Podía sentir la frialdad en el tono del Abuelo desde el otro lado de la habitación. Era deliberadamente frío, sin ofrecer nada de su habitual hospitalidad. Patrick, mientras tanto, parecía complacido con este desarrollo, una sutil sonrisa jugando en sus labios.

“””

—Damien. Damien Sterling.

—¿Sterling? ¿Estás conectado con Empresas Sterling? —la pregunta del Abuelo fue afilada y directa.

—Sin conexión —respondió Damien con suavidad. Su cara de póker era impecable.

—¿Sin conexión? Bien. —El alivio del Abuelo era palpable. Desde mi desastre con Ethan, el apellido Sterling se había convertido en veneno en nuestra casa.

Patrick aprovechó el momento, dando un paso adelante.

—William, debería saber —este hombre es el hermano mayor de Ethan Sterling. Lo reconocí del incidente en el extranjero.

El ambiente en la habitación cambió instantáneamente. El rostro del Abuelo se enrojeció de ira, su aroma volviéndose agudo con indignación.

—¿Qué? ¿Estás emparentado con ese Ethan Sterling? ¡Así que también eres un mentiroso!

Mi corazón se hundió mientras Patrick continuaba su ataque.

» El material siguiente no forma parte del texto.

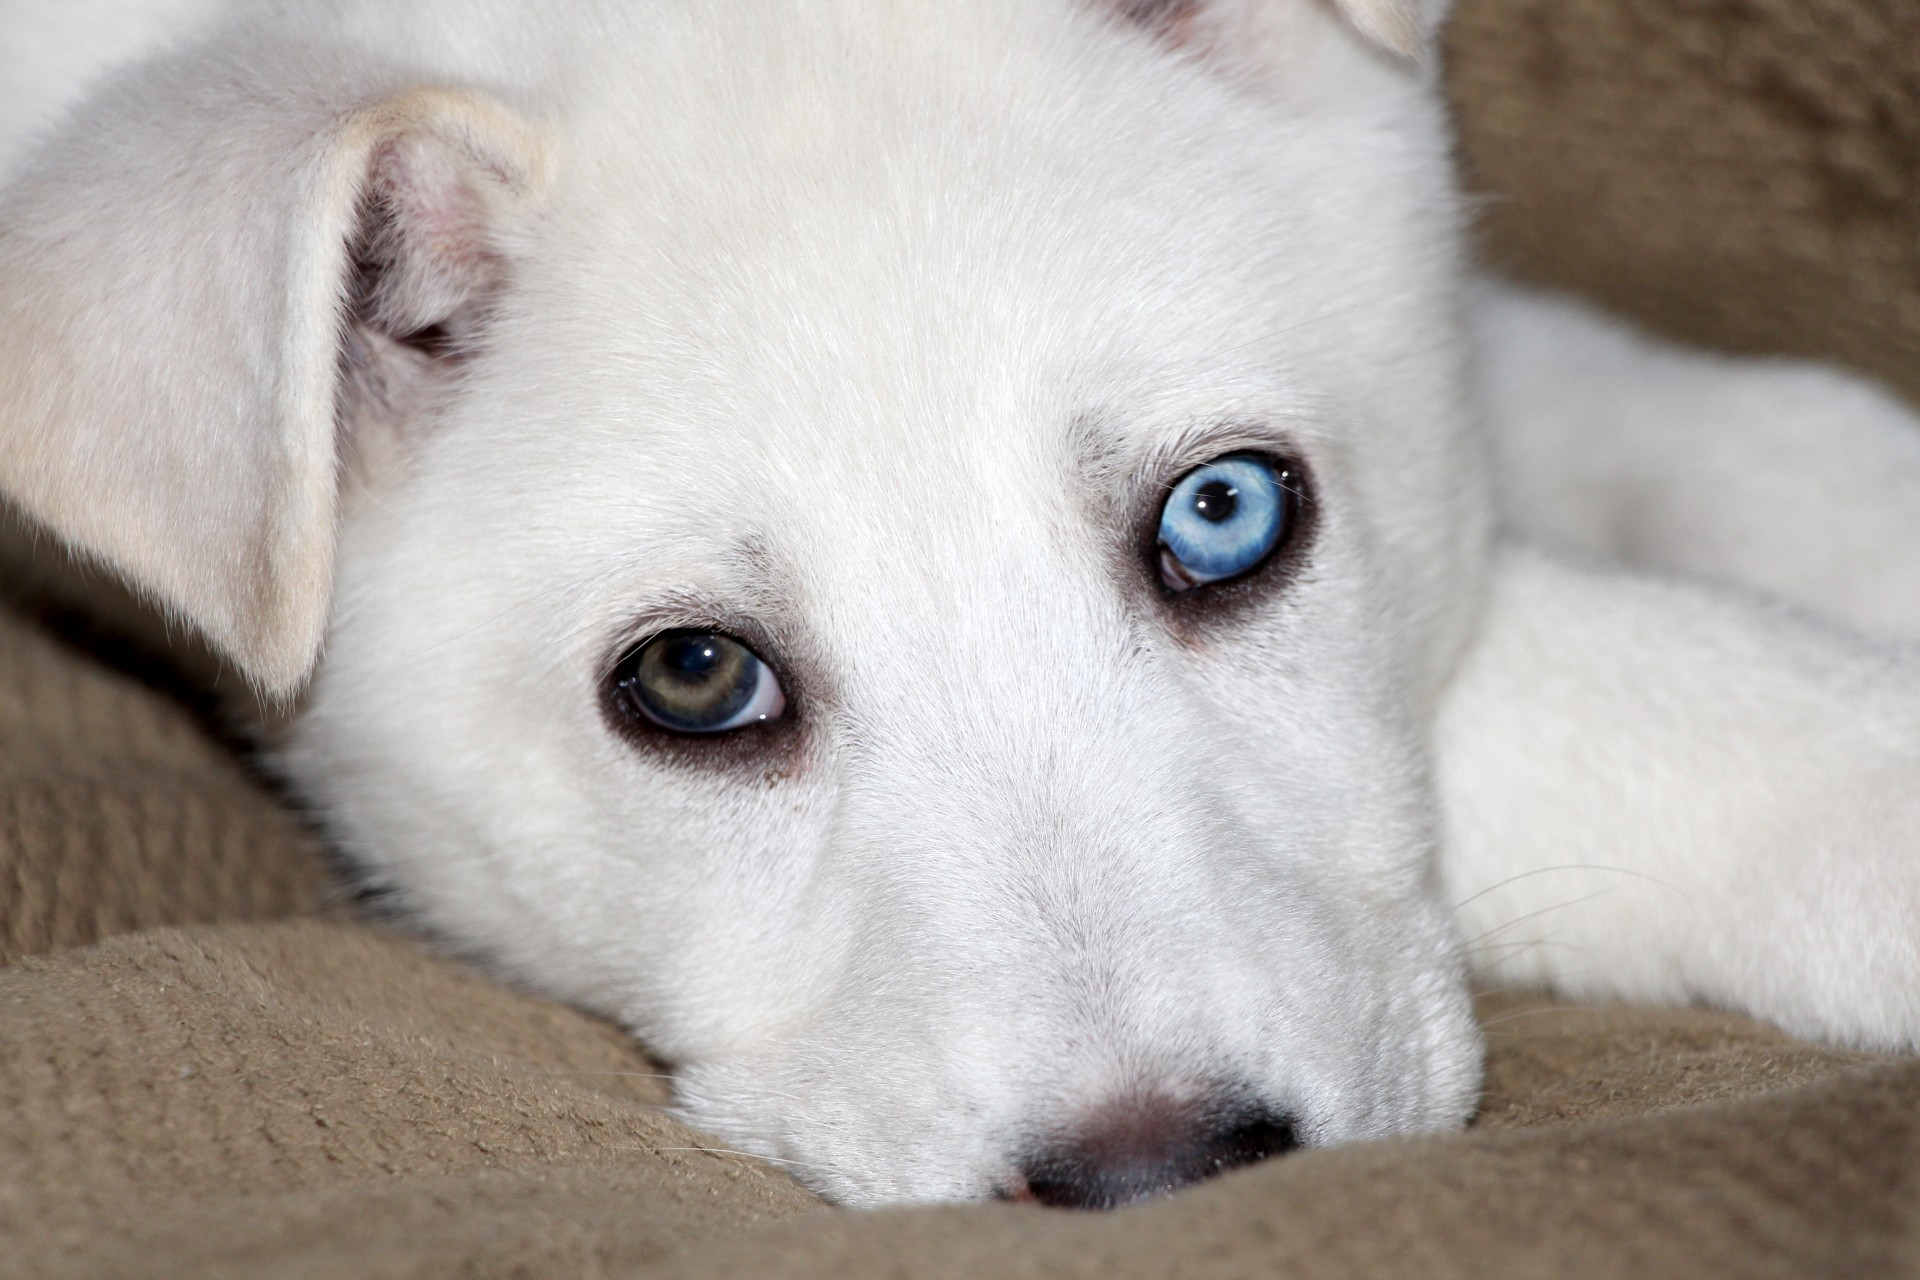 Blue eye,brown eye,husky,puppy,eyes - free photo from

—Su familia parece decidida a atormentar a Victoria. Ella era una vez tan vibrante y confiada antes de que Ethan destruyera eso. ¿Y ahora qué? ¿Descubriste que es la heredera Lancaster y pensaste que también probarías suerte?

Las palabras de Patrick estaban calculadas para inflamar los instintos protectores de mi abuelo.

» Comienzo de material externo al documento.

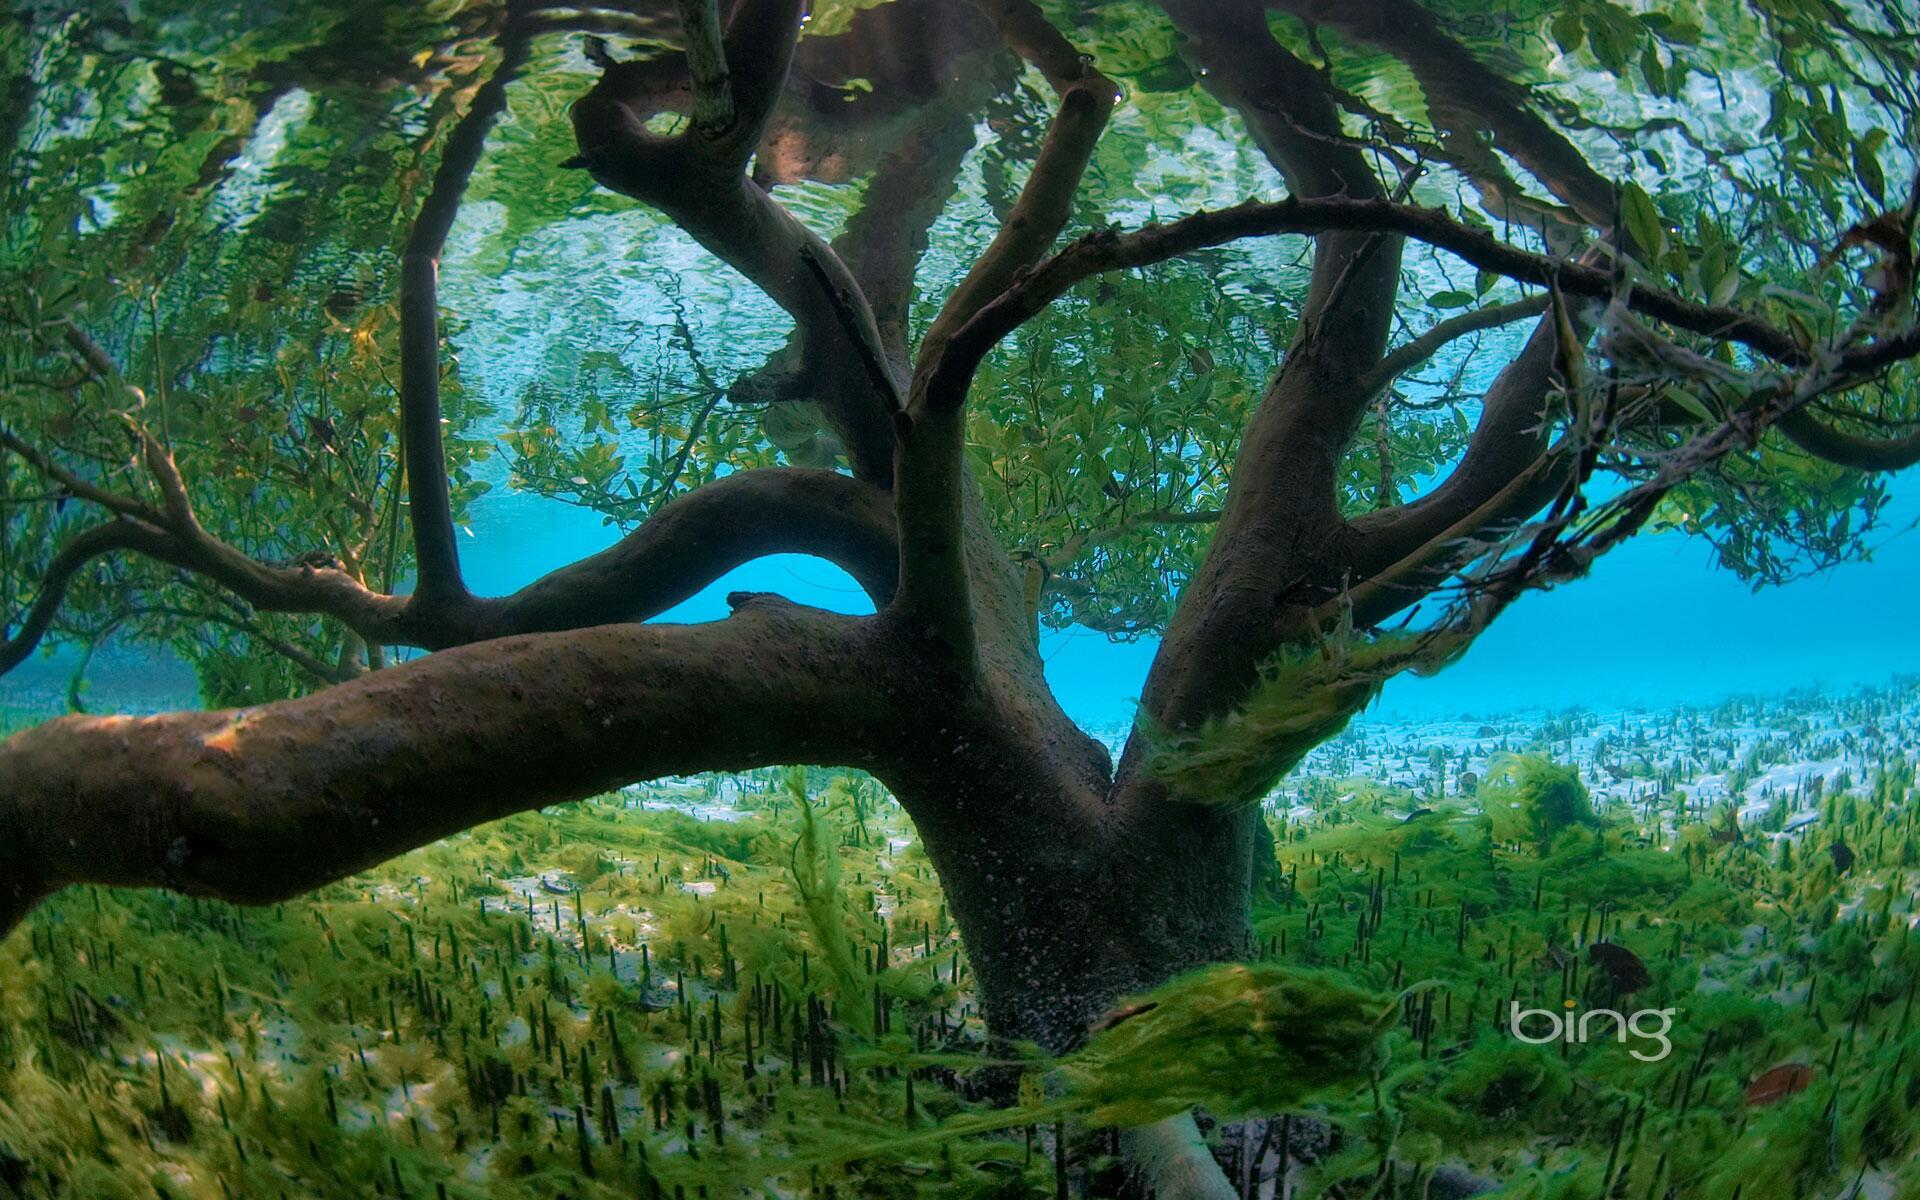 An Underwater Mangrove in Aldabra, Seychelles http://t.co/MhmUjbgpRC

—Victoria es demasiado bondadosa para culpar adecuadamente a tu familia por lo que sucedió —continuó—. Creció sin padres, sin protección… ¿ustedes piensan que eso la convierte en un blanco fácil?

La mención de mis padres me golpeó como un golpe físico, incluso desde la puerta. La pérdida que había moldeado toda mi vida estaba siendo utilizada como arma contra Damien y, por extensión, contra mi propia autonomía. Una furia fría comenzó a bullir bajo mi piel.

La mano del Abuelo tembló mientras señalaba hacia la puerta, su rostro contorsionado con rabia protectora.

—¡Fuera! —exigió, su voz temblando de emoción—. ¡Fuera ahora!

Necesitaba intervenir antes de que esto se saliera aún más de control.